Today we had our first stroll through the Chateau.  We were prepared to buy a 2-day pass for €25 each, but they accepted my evidence of disability from the UK and gave me free entry and also for my companion, my dear wife. There are free audioguides in several languages, which is an excellent help.

We began the tour and went through the King's apartments (unfortunately the Queen's apartments are undergoing restoration and were not accessible.)  The state rooms are magnificent as you will see when I get some pictures done.  The staff were very helpful in taking me into areas to access private lifts so as to avoid the staircases.  The private Royal apartments were progressively more richly decorated as one approached the Royal Bedchamber, which was the last room where members of the court could go.  They watched a daily ritual of rising and dressing, and undressing and retiring to bed, at the orders of the King.

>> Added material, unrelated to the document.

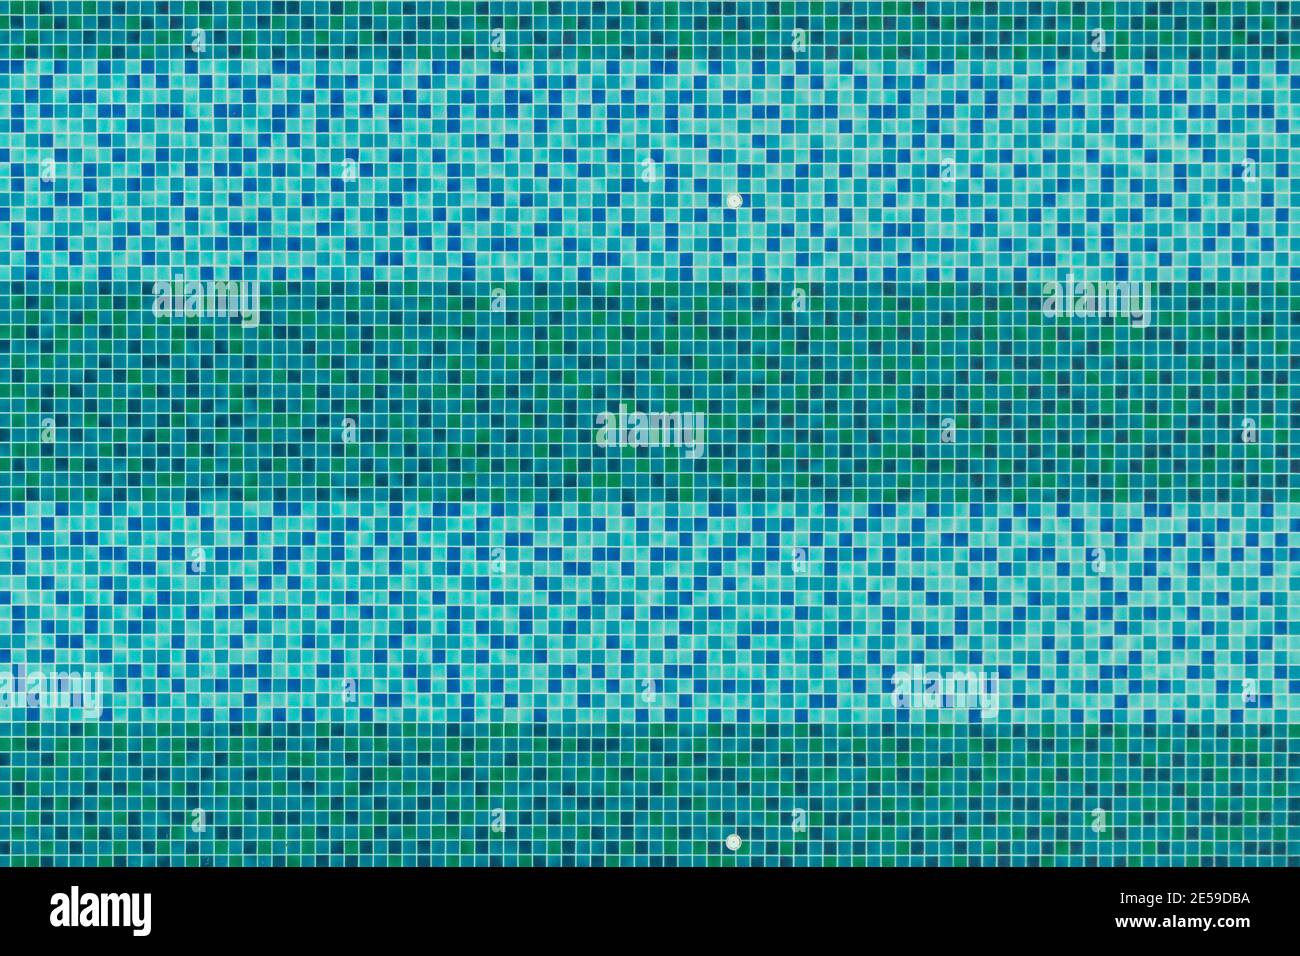 Piscine vue de dessus arrière-plan, mosaïque de carreaux de céramique bleu et vert d'Acas dans la piscine. Banque D'Images

The only room beyond that is the private room, the most restricted room and also the most beautifully decorated and furnished.

A state apartment consisted of 5 rooms; three antechambers with progressively less access, the bedchamber and the private room. The Queen had the same arrangment and the two princesses each had their own apartments on the ground floor, but the format was the same.  Such opulence!  

I am glad I do not have to live with that regimented lifestyle, though.

 

IMG_2923.JPG

This candelabrum is in the Hall of Mirrors.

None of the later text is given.